Таким образом, разработанный нами высокочувствительный и высокоселективный метод определения CA и 3HAA в плазме крови позволил впервые в мировой практике определить концентрации CA в крови человека. В данной работе мы применили этот метод для оценки концентрации CA и 3HAA у больных шизофренией до и после лечения. Интересным для нас оказался факт наличия обратной корреляции суммы CA и 3HAA до лечения с суммарным баллом по шкале PANSS после лечения.

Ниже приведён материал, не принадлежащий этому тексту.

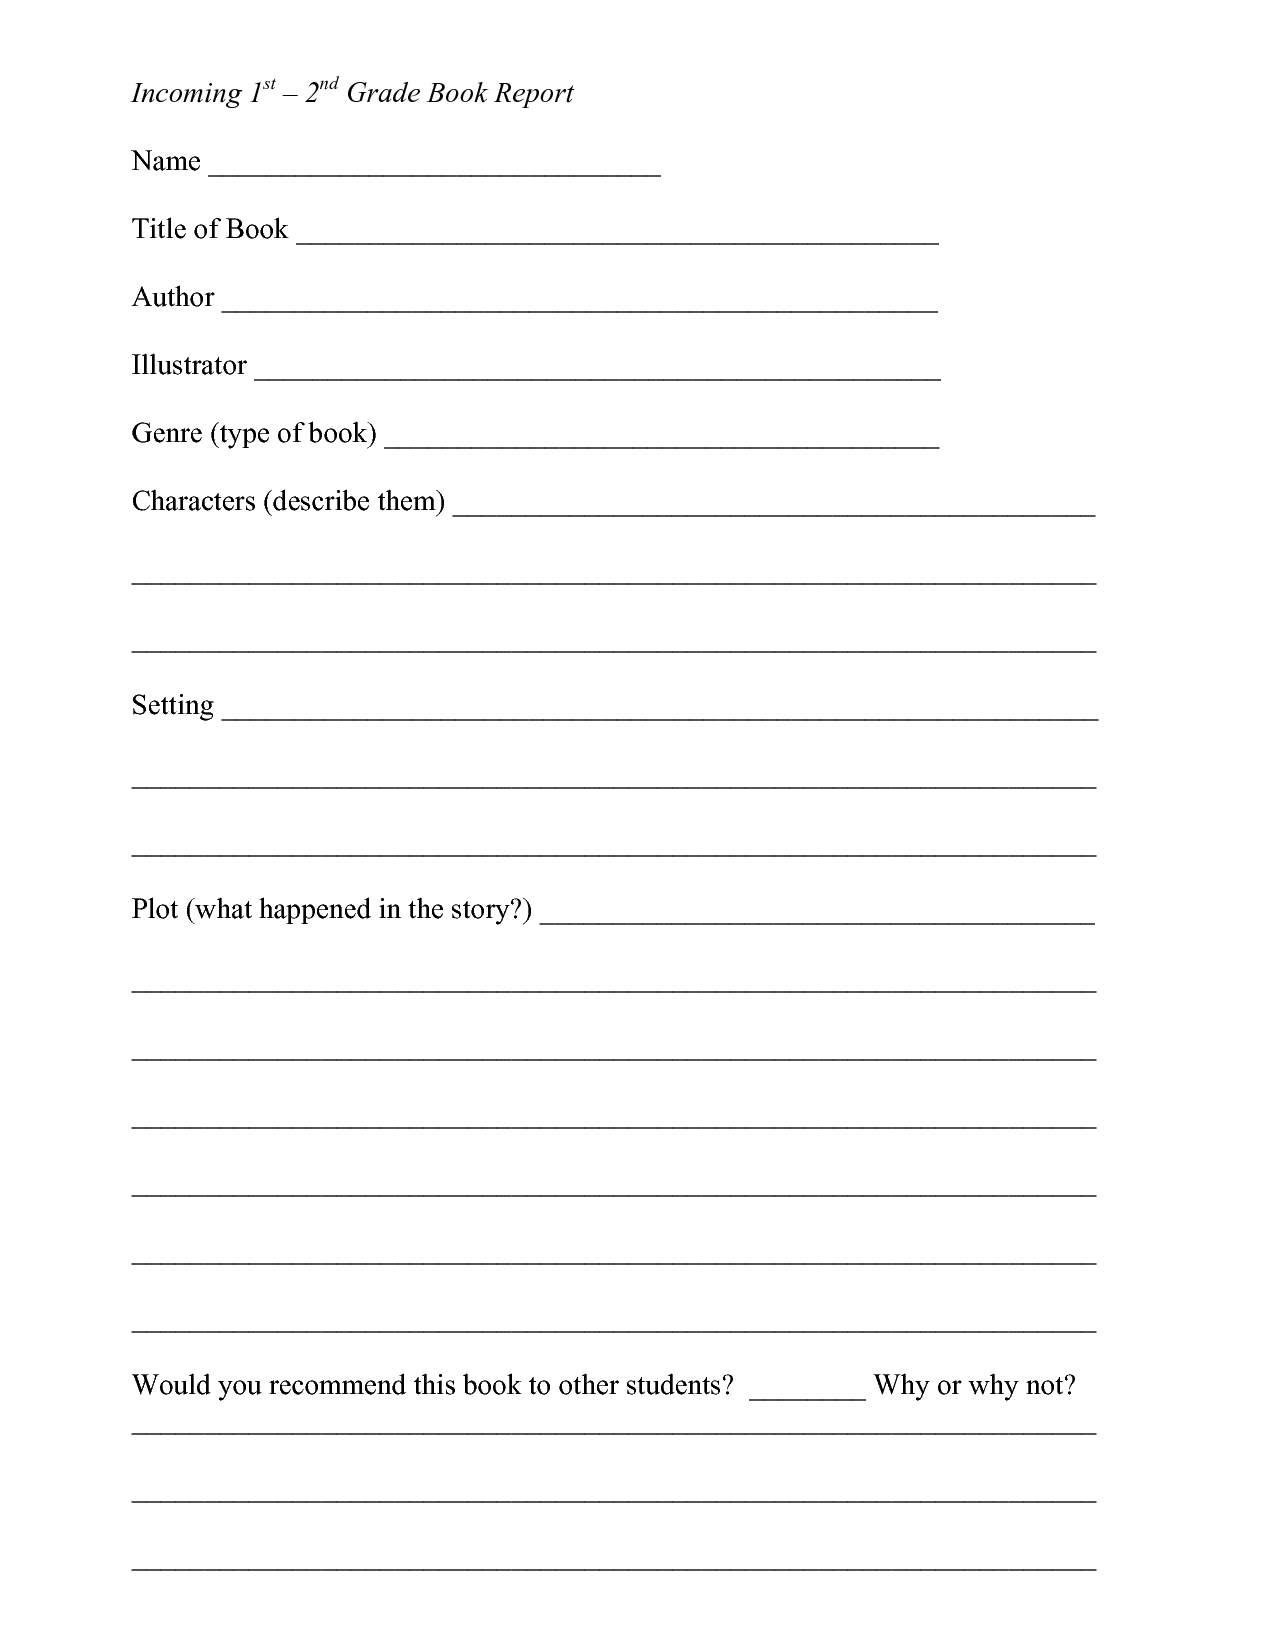 Book Report Template 2Nd Grade Free – Book Report Form With Book Report Template 2Nd Grade

Полученный результат хорошо согласуется с данными об антипсихотической активности CA. Разработанный нами метод определения концентрации CA в плазме крови человека открывает возможности для исследования ее уровней у здоровых добровольцев, а также при различных психопатологиях.
Описательная статистика для концентраций CA и 3HAA в плазме крови пациентов с шизофренией (n=23) до и после лечения
Вещество | Me | Q1 | Q3 | min | max | 95% ДИ |
До лечения | ||||||
CA (нмоль/л) | 11,26 | 6,92 | 16,77 | 3,03 | 38,31 | 7,51; 16,24 |
3HAA (нмоль/л) | 14,95 | 8,03 | 21,48 | 3,00 | 28,01 | 8,03; 20,86 |
[CA] + [3HAA] | 26,94 | 20,16 | 36,87 | 9,39 | 48,88 | 21,17; 33,65 |
После лечения | ||||||
CA (нмоль/л) | 8,03 | 5,08 | 15,44 | 2,49 | 45,30 | 5,64; 14,98 |
3HAA (нмоль/л) | 20,05 | 13,27 | 25,40 | 2,55 | 186,10 | 13,86; 23,88 |
[CA] + [3HAA] | 28,98 | 18,80 | 38,43 | 7,88 | 38,43 | 19,41; 37,23 |
Рис. 2. Точечные диаграммы концентраций CA в плазме крови до и после лечения.
Рис. 3. Корреляция по Спирмену суммы концентраций CA и 3HAA в плазме крови до лечения с суммарным баллом по шкале PANSS после лечения.
Рис. 4. Корреляция по Спирмену концентраций CA в плазме крови до лечения с суммарным баллом по шкале PANSS после лечения.
Заключение
Полученные связи с клиническими данными показывают потенциальную прогностическую значимость определения уровней CA и 3HAA в плазме крови и повышают актуальность дальнейших исследований.
Авторы заявляют об отсутствии конфликта интересов.